The shed. Over the years.

Almost all of my childhood memories of him are of me walking into his shed.  Working alone, always working.  Me wandering in aimlessly, asking him what he was doing, not really taking in the response.  I could never quite think the logical or practical way that he did.  As a kid, I had no sense that he had the pressure on his shoulders all the time to provide for his family, his wife, three children.  He was the breadwinner.  Working alone, always working.

Working at his bench.  His bench seemed to be as long as a railway platform.  Surrounded by tools, by machines, by saw dust, by the surfaces lightly imprinted with the oily dust that seemed to settle on everything in that shed.  Gentle light pouring in through the front windows and louvre windows over his shoulder.  Piles of timber in all directions, at ground level and above.

Years later, we all talked about the appropriate song to play with the slide show we’d made for the farewell service.  We wanted to make the right choice, much as he disliked modern music.  My nephew, the musician of the family, agreed to sing Billy Bragg’s Tank Park Salute on the day.  We all agreed that Dan Fogelberg’s Leader of the Band was a good choice, and I don’t regret that selection.  His line ‘My life has been a poor attempt to imitate the man’ can’t be bettered for mine, although the verse of gratitude is just as good.

I did make one other suggestion.  Don Walker’s What I Am.  (Yeah, it’s a Tex, Don and Charlie album, but it’s Don.  Tex might sing a verse or two, but it’s Don.  Through and through).  The others didn’t think it really fit the occasion.  I could accept that.  But it’s my song for him, every day of the week.

The verses are him.  Alone in the shed, working.  Never was a company man.  He came out to Victoria in 1950 on a two year contract for a company.  He lasted two months.  There were other places to see, and he set out on his own.  He never got to be the trouble in the chain because he made his own path.  Always working.  He romanticised about the lakes he saw on the maps, and imagined the trees down to the shoreline like those he’d left at home.  He didn’t have to trek through South Australia too far to see that he had the wrong idea there.

Never was a union man.  He was a one-man army.  Grown men marvelled at his physical strength.  He did indeed trust the skills of his two hands.  I told people he was a builder, but he was everything.  Could do seemingly anything except play cricket with me in the back yard.  The one day he played golf with me he lasted three holes before his frustration called time on it.

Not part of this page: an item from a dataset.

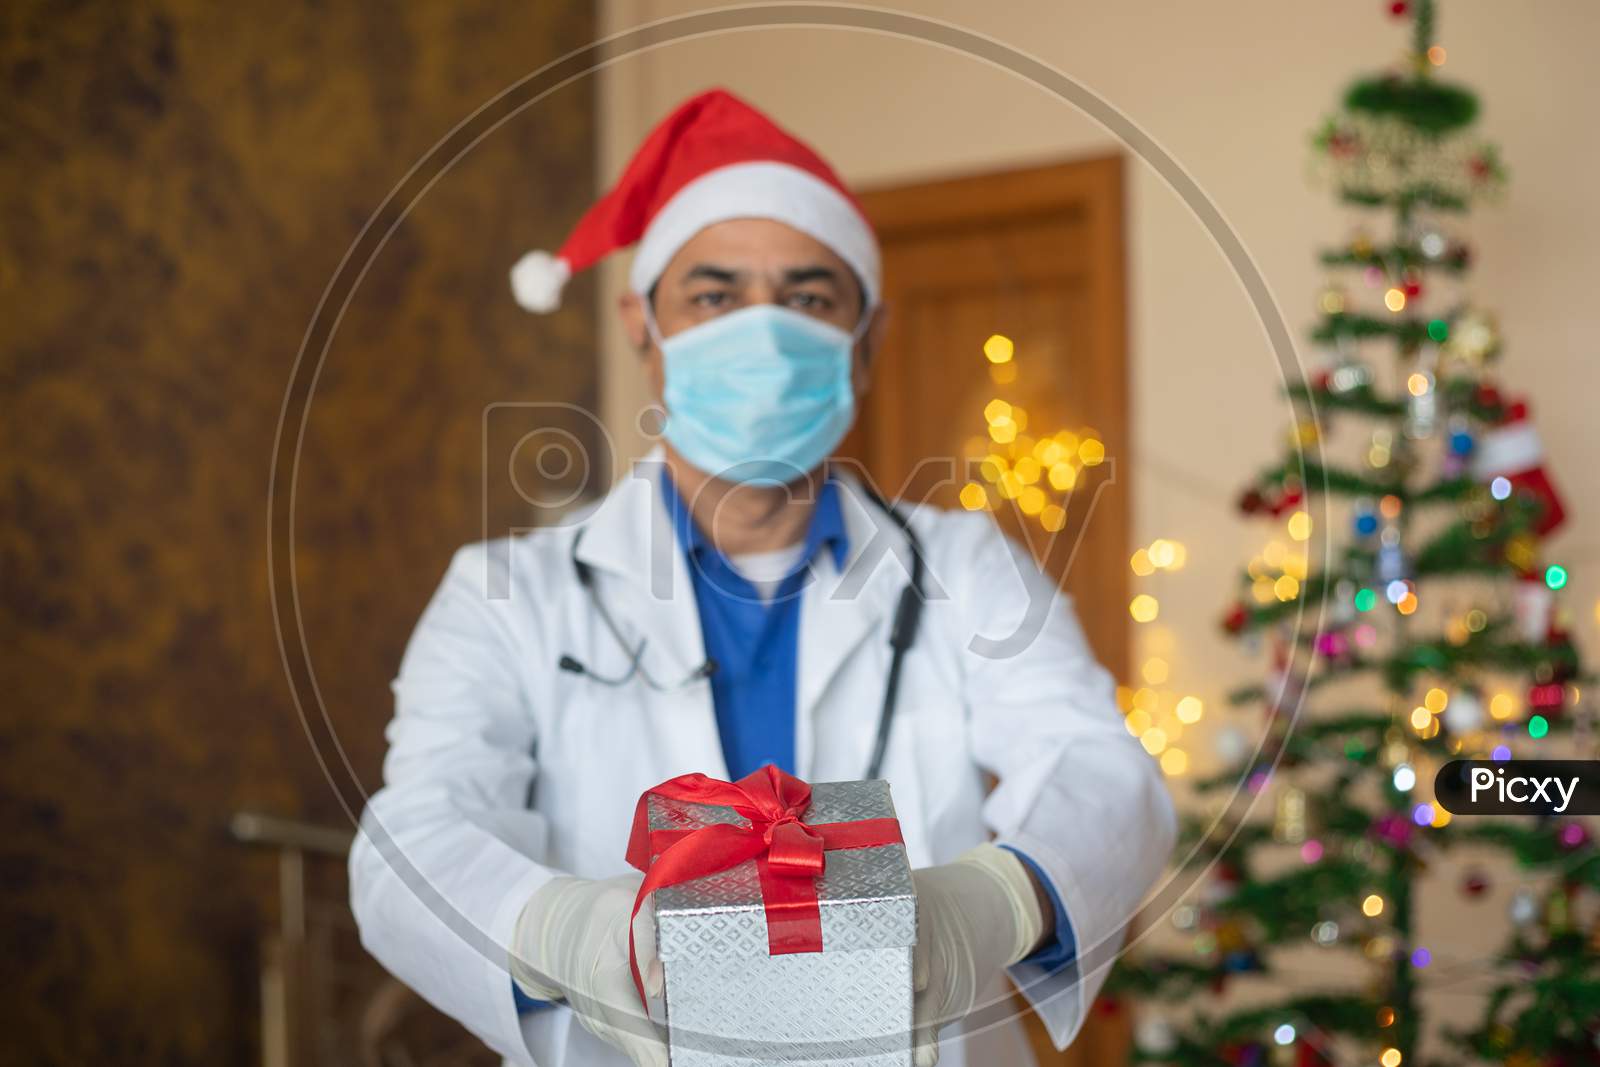 Doctor Wearing Mask And Santa Hat Showing Christmas Gift Box, Celebration During Covid-19 Pandemic, New Normal Lifestyle. Healthcare And Medical, Selective Focus.

Never was a party man.  Not really.  His colours were different to mine as I grew up into adulthood.  It didn’t get in the way of anything.  If Don intended the other meaning of the word (and I don’t think he did), well, no, he certainly was not a party man.  He was a hard working man.  Never had a day off.  Every day, there we was.  Working.  Working.  Working.

He’d help out when he felt he could.  But not being born where he settled, he was never embraced as he might have been, and he worked out early that there was little point courting it either.  I cannot change what I am indeed.

The song, like him, is drenched in space.  The unhurried chords set the scene perfectly.  Space.  We had people from his homeland come to visit, and we’d talk about the beautiful land he left behind.  ‘But he loved the space’, we’d say.  He always said that you could walk into the forest where he spent his youngest years, and get to a spot where you were sure you could enjoy some solitude, and within 30 seconds you were saying good morning to someone.  You were never on your own.  Where he settled in Australia, he had space and peace to burn.  He loved it.

The song’s bridge ain’t him.  Let it be.  And there are many, many memories.  There’s no grave, no head stone.  But we know where his ashes flowed, and forever there are memories.  He’ll never be forgotten.

I walk into my shed today, and there in the corner is the bench that he and I built together a few years before he died.  My wife doesn’t spend a lot of time in our shed.  Just me.  I wouldn’t call it work, but I love being alone on my bench.  It’ll always be his bench really.